Not all of the items get this depth of attention, but this is one example that is worth the extra time. It’s been difficult being away from collections and researchers for over a year, but there is no shortage of online content with minimal identification, so there’s gratification in taking this time to make improvements.


From the OHC Archives: Zona Roberts and Learning to Walk Backwards

by Annabelle Long

Long

Annabelle Long  is an Undergraduate Research Apprentice at the Oral History Center. She worked with Shanna Farrell during the Spring ’21 semester. Annabelle is a third-year History and Creative Writing student from Sacramento. She works as a conduct caseworker in the Student Advocate’s Office and enjoys going on long walks in Berkeley. You can find her on Twitter @annabelllekl.

 

The pocket of Berkeley bounded by Telegraph and Shattuck avenues is generally considered to be quiet and uneventful. Colorful Victorian houses line the blocks, gray apartment complexes full of Cal students loom over sidewalks, and telephone lines crisscross over each other, dividing the sky into irregularly sized rectangles and diamonds. I spend a lot of time in this part of Berkeley. I have my favorite houses, my favorite trees, my favorite views in every direction. I have my favorite alleys and blocks and moments in its history. I can’t pick a single favorite former resident, but Zona Roberts is high on the list.

Zona existed in Berkeley as a mother before she existed here as a student. She lived with her sons Ed, Ron, Mark, and Randy in a pale green house she rented on Ward Street, a few blocks west of the hustle and bustle of Telegraph Avenue and a few blocks east of Shattuck. I often walk by her old house. It’s blue now, with red front steps, and it sits unassumingly behind a fence overgrown with flowers in the springtime. When Zona moved in, she had a ramp installed in the back to allow Ed to get inside. Ed Roberts, Zona’s eldest son and a political science major at UC Berkeley, was the first wheelchair user ever admitted to the school, and virtually nothing in the city was wheelchair accessible when he arrived on campus in 1962, including his mother’s home.

Ed Roberts

Ed Roberts

The green house, as it came to be known, acted as a sort of safe haven for the Roberts family and their friends. It was a family home for the community, not just Zona and her sons.

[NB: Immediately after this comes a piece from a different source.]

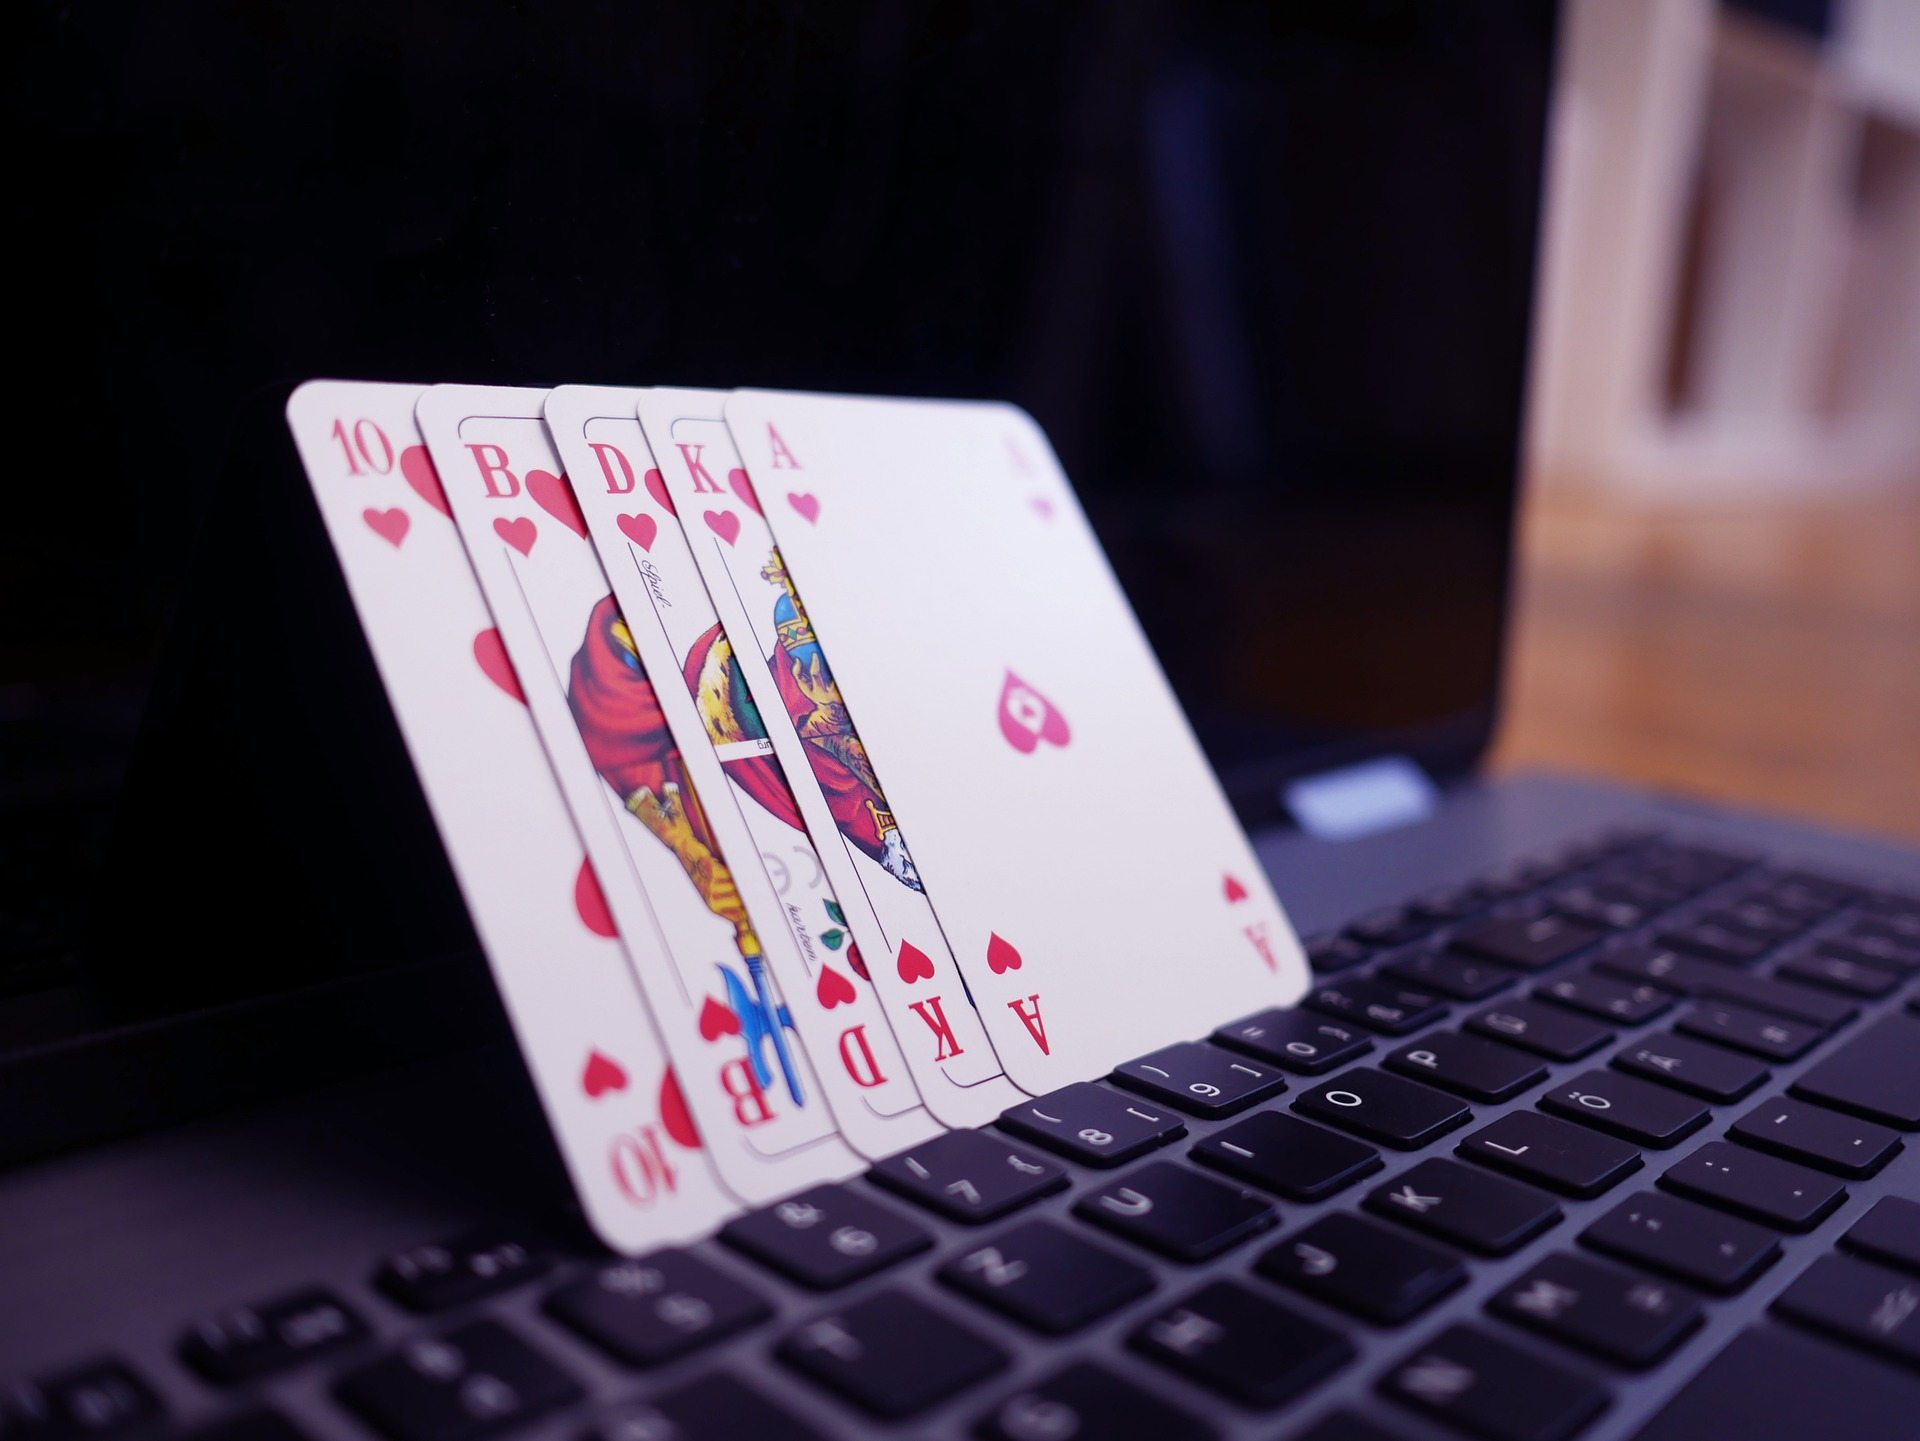 Ein Bild von vier Spielkarten, die auf einem Laptop stehen

“It was a neighborhood of older families who’d lived there, a neighborhood of single-family homes, mostly, or two flats,” Zona said of the area, “The neighborhood was just changing as some of the older folks were dying off and some were moving away. A few younger people were moving in, but it was more or less an established neighborhood. But because of the racial composition and students in Berkeley, no one cared who went in and out of my house. The kids who came in or the Black students who visited and some lived, for a while, with me. There was no threat to their lives. There were none of those issues. It was just like a breath of fresh air to me. It was so nice not to have to worry about what might happen. I remember that vividly.”

Roberts Family

Roberts Family 

Zona, by all accounts, was an unflappable person. When she and her sons came to Berkeley, she was a recent widow, and had been Ed’s primary caretaker since he contracted polio and became a quadriplegic in 1953. She was a fierce advocate for all her sons and their needs and disliked being told what to do—she, as a learned expert in their likes and needs, felt that she knew best. 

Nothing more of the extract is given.